A few weeks ago, I posted about my paternal grandmother’s ILGWU card, and how it was a key to dress and social history research as well as personal family genealogy. The post opened up a dialogue among my own family, and those of friends whose forebears also worked in the garment industry in the USA in the last century. This conversation took place virtually, here on Worn Through and on Facebook and via email. I am thrilled that digital communication technology facilitated the sharing of knowledge and memories, and was even more delighted that the post inspired my father to locate a photo that gives a glimpse of my grandmother’s working environment in the 1940s.
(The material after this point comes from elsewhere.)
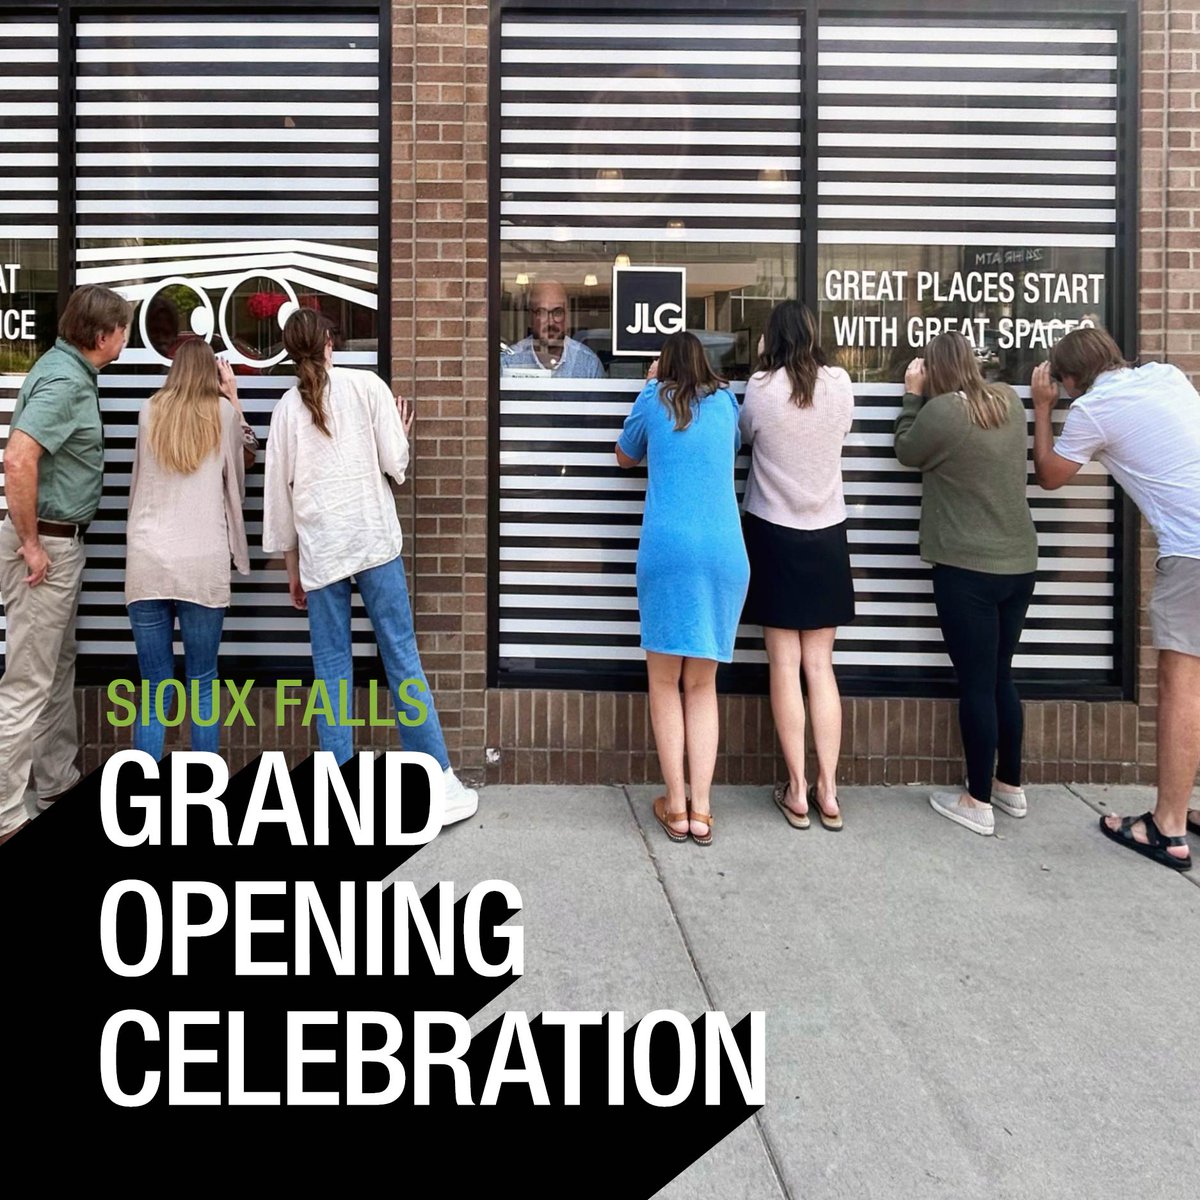 Our Sioux Falls Grand Opening Celebration is almost here! Join us this Thursday at 4:00pm for the official Chamber Ribbon Cutting, an office tour, delicious refreshments, and great company. We can't wait to see you there! @GreaterSFCC #BuildSomethingGreat #DowntownSiouxFalls

My grandmother is the women furthest from the camera, and the woman in the center is her sister, my great-aunt Nancy. I must admit, this is not what I pictured the dress factories of 1940s New York City to look like! I think it looks a lot more domestic than I imagined – which makes me realize that my vision of garment factories is much more influenced by more recent images of large scale industrial production and of sweatshop labour conditions around the globe. This photo shows a cramped workplace, but I think it also looks comfortable and like a social work space. Most significantly, I am struck by the worktables facing each other. This may save space, but it also encourages workers to chat – something I am sure garment factories would seek to avoid to increase production!
With this photo comes a vision of a workplace of the past; and a surprising insight into labor conditions for women garment workers.